Movement now, up ahead. A shifting of shadow around the edges of a stoved-in cottage, window frames gone, door blown in by the wolf that was the wind.
A whimper turned his head. He saw someone duck out of sight beyond the dry gardens and their blasted configurations of sea kale and yellow horned poppy, santolinas and crambes. Starfish lay around his feet as if the heavens had turned to stone at the insult to the world and had fallen on this spot. He had to step over a wreckage of railway sleepers and shattered floorboards, downed telegraph poles and great cairns of bleached crab carapaces. It was like walking a moonscape infected by dreams of violence and perversion.
There was a slight incline up ahead, a dip that exposed the rear of the cottage and a hole dug into it, leading to deep shadow beneath the building itself. He saw the figure hunker down and wriggle into the hole. He felt a jerk in his chest at the sight of blue and white striped pyjamas, his son’s favourite pyjamas. He was sure of it.

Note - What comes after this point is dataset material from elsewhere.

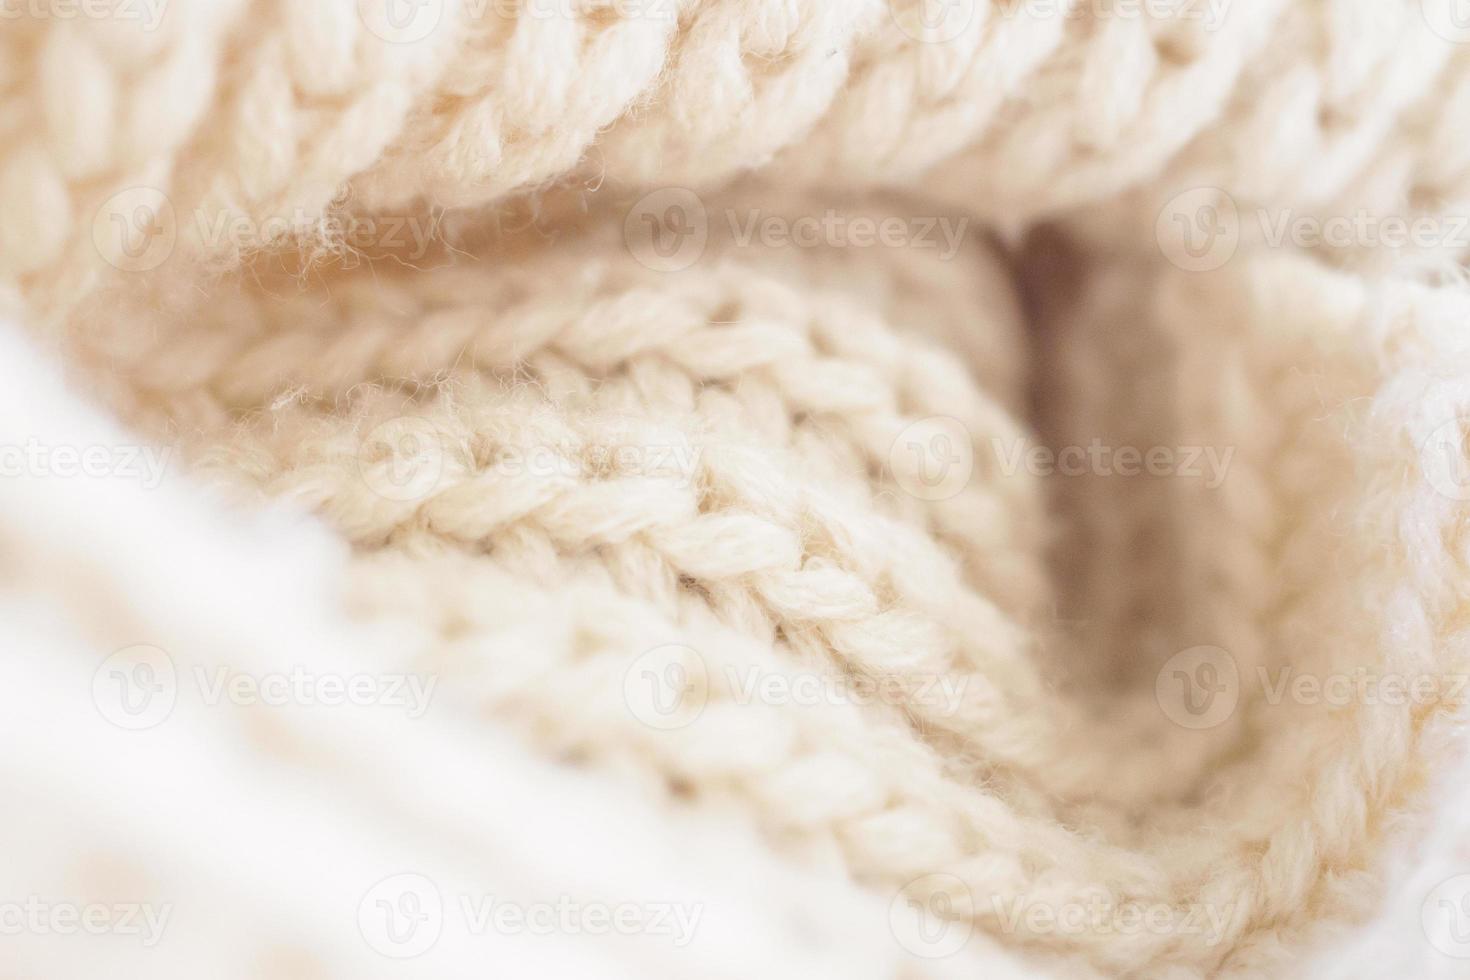 closeup beige knitted woolen fabric texture background photo
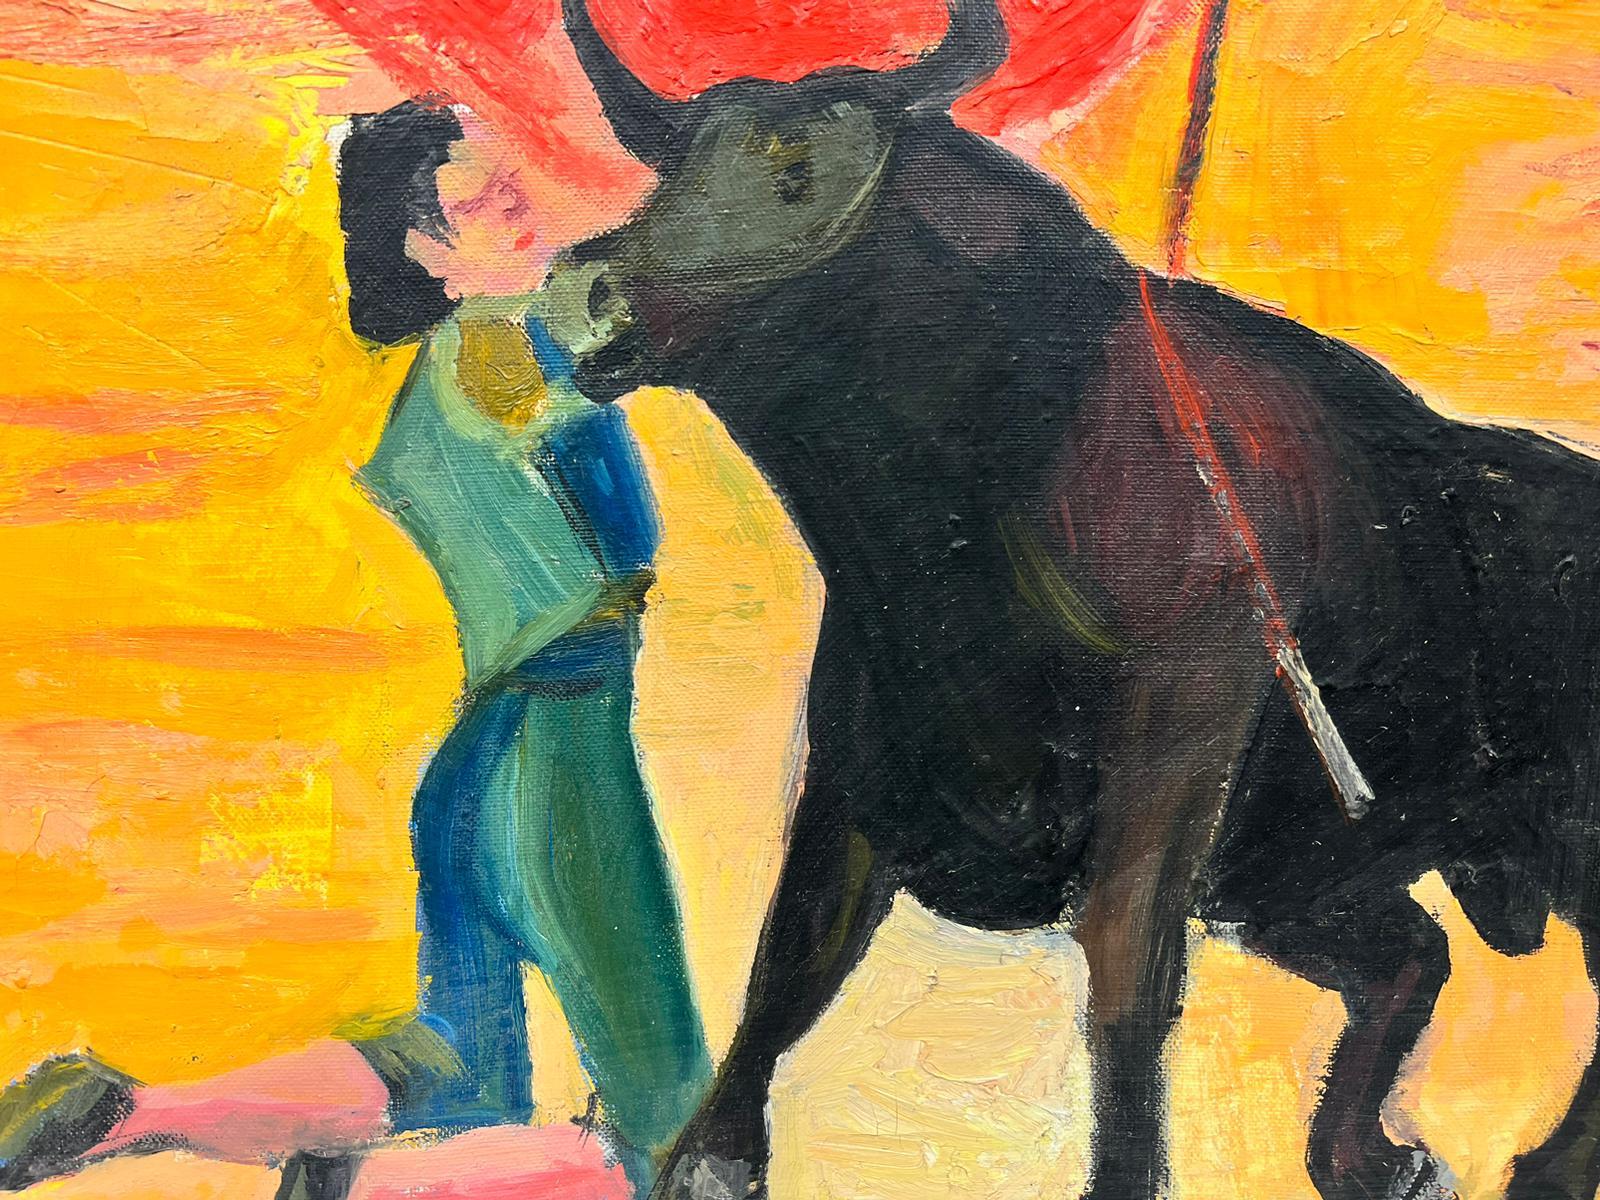 painting on the bullfight

I luff these jim-jams, Daddy, they’re all warm and soft and make me look like toofpaste…
‘Stan?’ he called out, and he ignored the thickening pain in his jaw, the fresh seep of blood from his ruined gums. The swelling had puffed his left eye almost completely shut. He could still see through the right, just, a blurred, splintered view. He supposed he would have to cut into an eyelid to reduce the swelling if it blinded him completely.
‘Stanley?’ He strode towards the house, ignoring any pretence he’d made at caution. ‘It’s me,mate. It’s Dad. Don’t be scared.’
He slithered down the shingle into the dip and leant close to the hole. He could see nothing in there but the pure black of childhood nightmares. But then there was a flurry of movement. The grimy striped swatch of his pyjamas shifting back and forth beyond the edge of the hole, settling now, his back to Jane. The whimpering continued. Cold, afraid, alone for so long.
‘Hey,’ Jane said. Tears were forming. He could almost feel the slender bones under his fingers, the shivering of his boy. ‘I’ll make you warm. I’m here, Stan. Dad’s here. I never left you, you know. I’d never let you go. Come on.’ He was finding it hard to keep his voice level.